Now, some of those early adopters are starting to highlight issues with Windows 11. It seems it doesn’t play nice with third-party web browsers, preferring to steer users towards Microsoft’s Edge. The problem is most PC users prefer to use Google’s Chrome browser, which has an estimated 65% market share (compared with less than 5% for Edge).
Making Life Difficult
Going by early versions of Windows 11, Microsoft has found a new way to encourage people to use Edge instead of Chrome. According to reports, they plan on making it infuriatingly challenging to change your default browser. Although the company claims Windows 11 is “a calm and creative space” where you can “think, express, and create in a natural way,” that apparently doesn’t apply to switching browsers, as they’ve actually removed some of Windows 10’s functionality.

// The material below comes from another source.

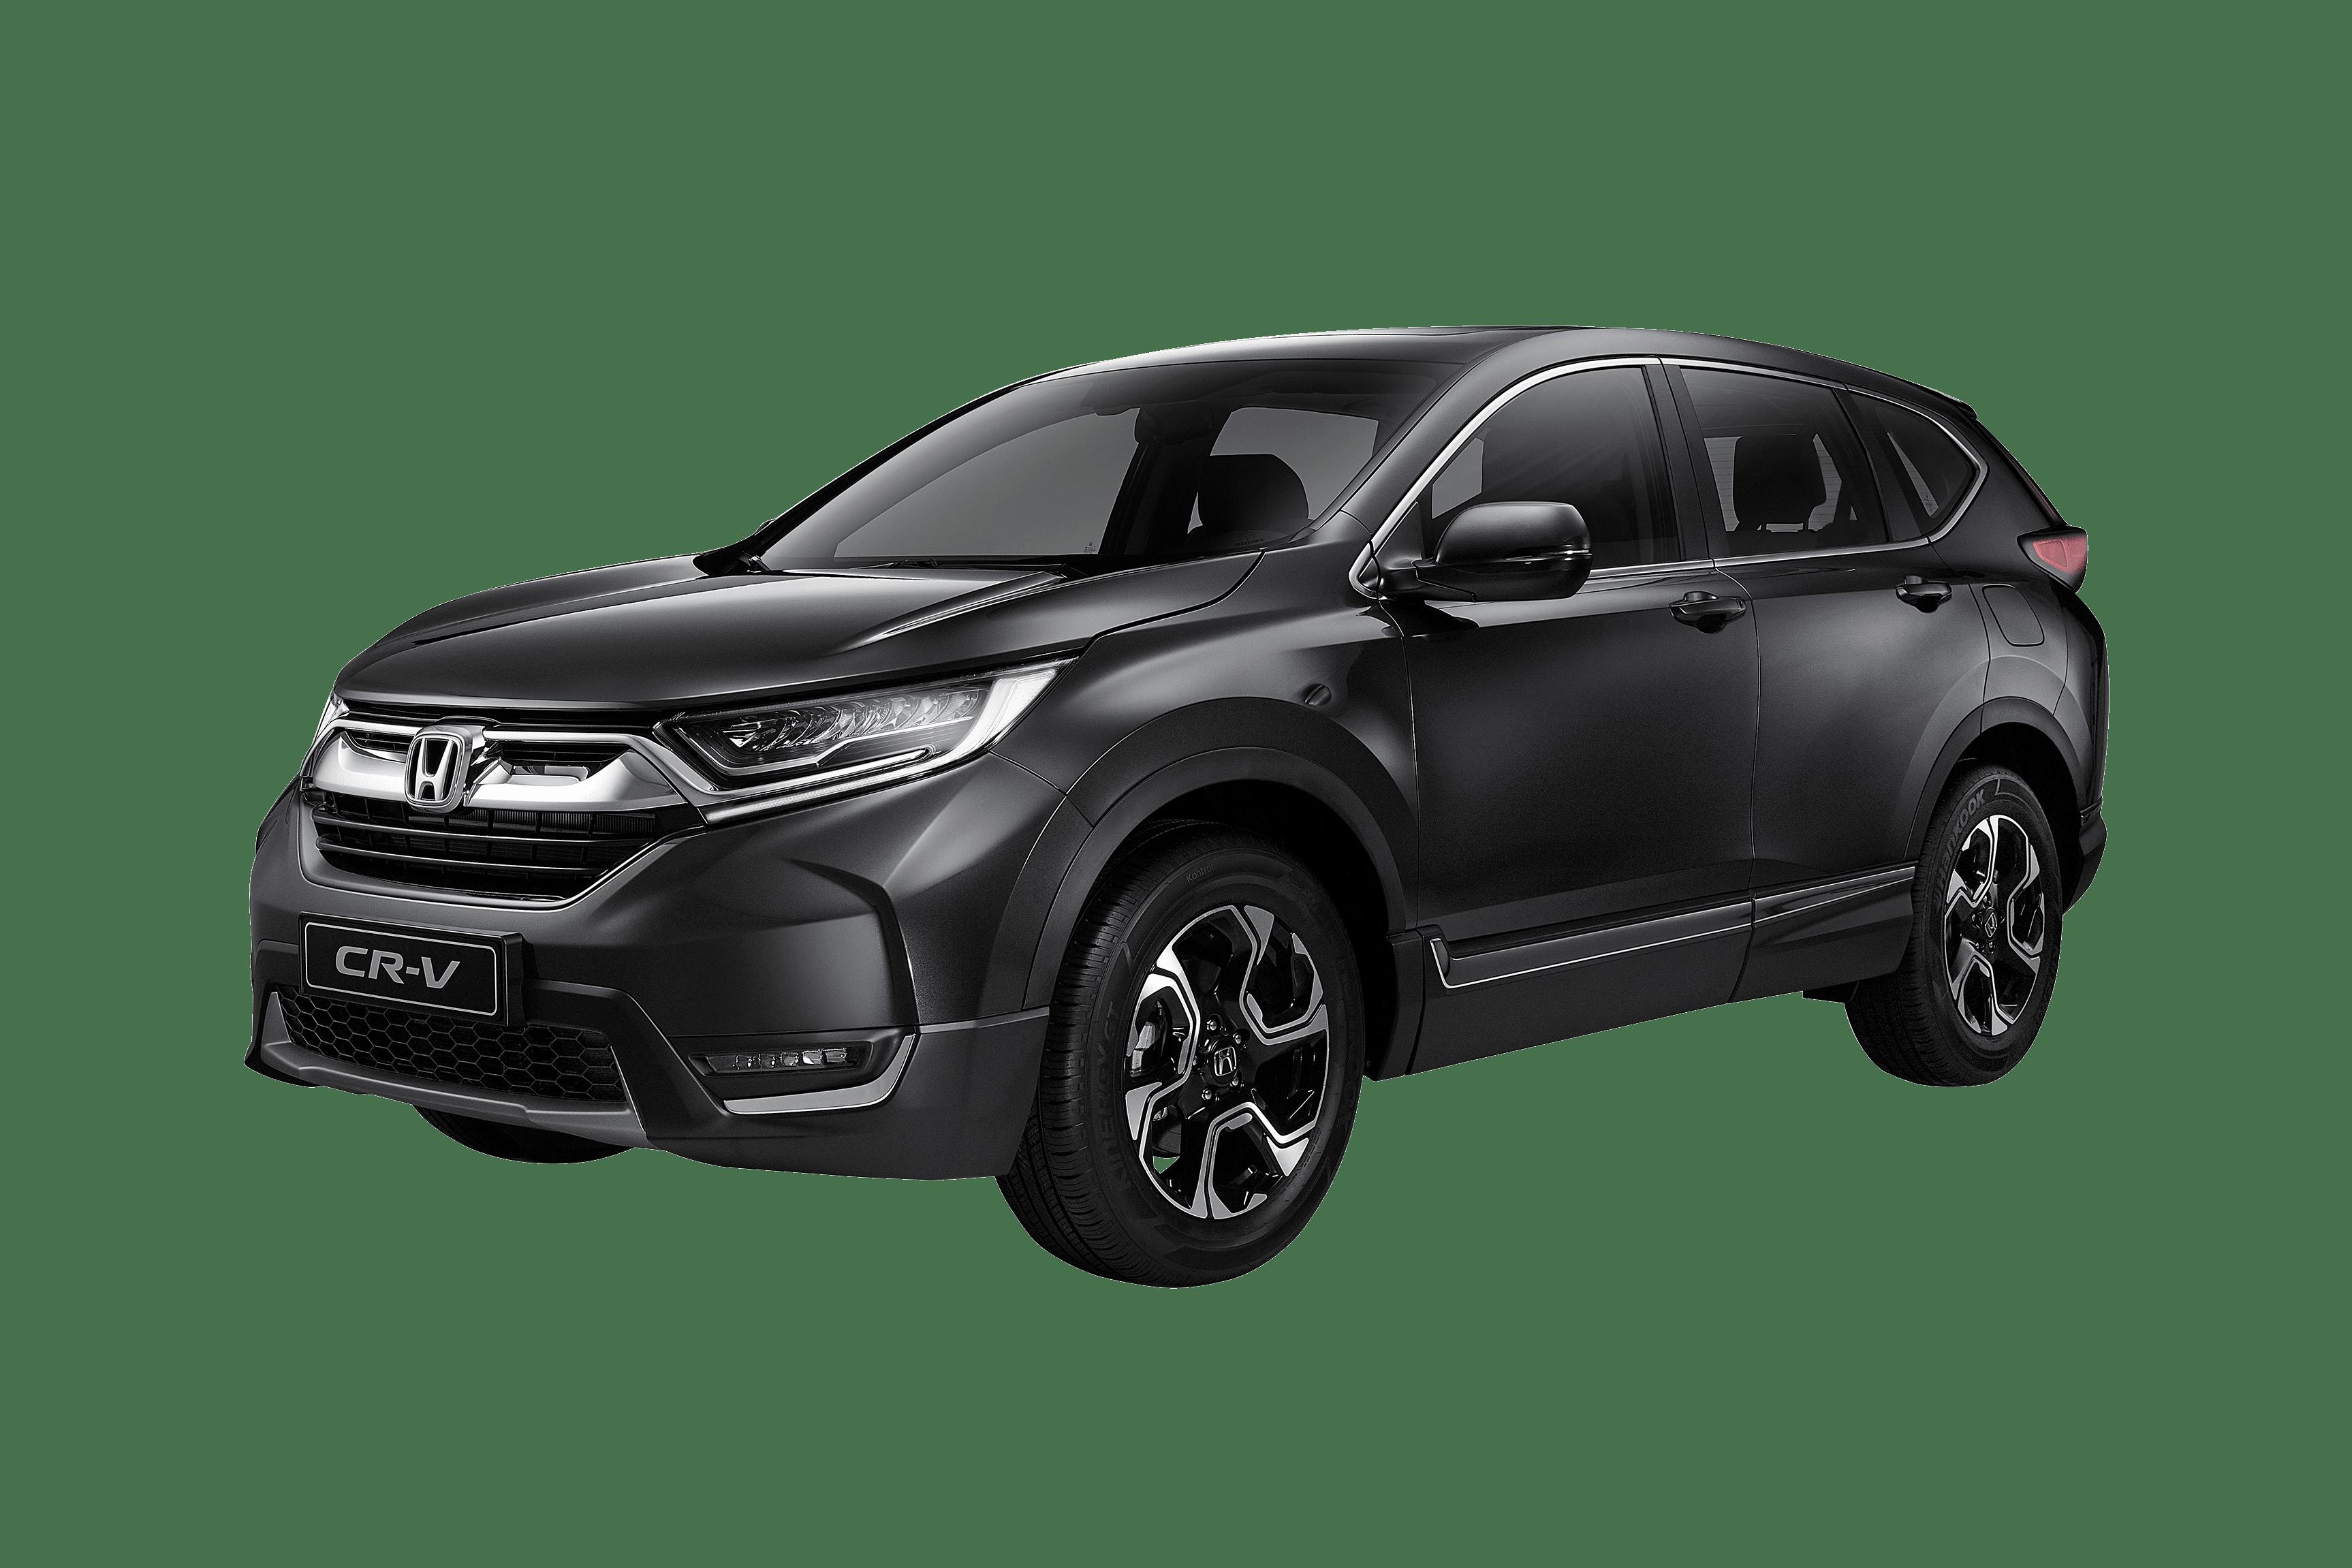 Kelebihan Kekurangan Harga Mobil Crv 2019 Spesifikasi

In Windows 10, if you install Chrome (or any other browser), the OS asks you if you want to make it your default browser. This change is quick and easy to make. In Windows 11, however, they deleted the function entirely. While you can set an alternate browser as your default app right after installing it, this is a step that’s easy to miss. If you do, you’ll need to go into settings and set your preferred alternative as the default application for every file type that opens in a browser – and there are a lot of them.
Bad Old Ways?
This latest move is just the most recent in a series of attempts from Microsoft to push people into using its own browsers. When the original Internet Explorer was released, it was bundled free with Windows 95 OSR1. That sparked an antitrust case against the company, plus legal action by the European Union that quickly descended into farce.
Back then, Microsoft wasn’t actually making it difficult to use a different browser. They just supplied their own one with Windows and (quite reasonably) didn’t supply competing products.
What they’re doing now is much, much worse. Windows 11’s changes make it look like the company specifically intended to make other browsers harder to use. Could a pushback by early adopters persuade Microsoft to restore the deleted functionality?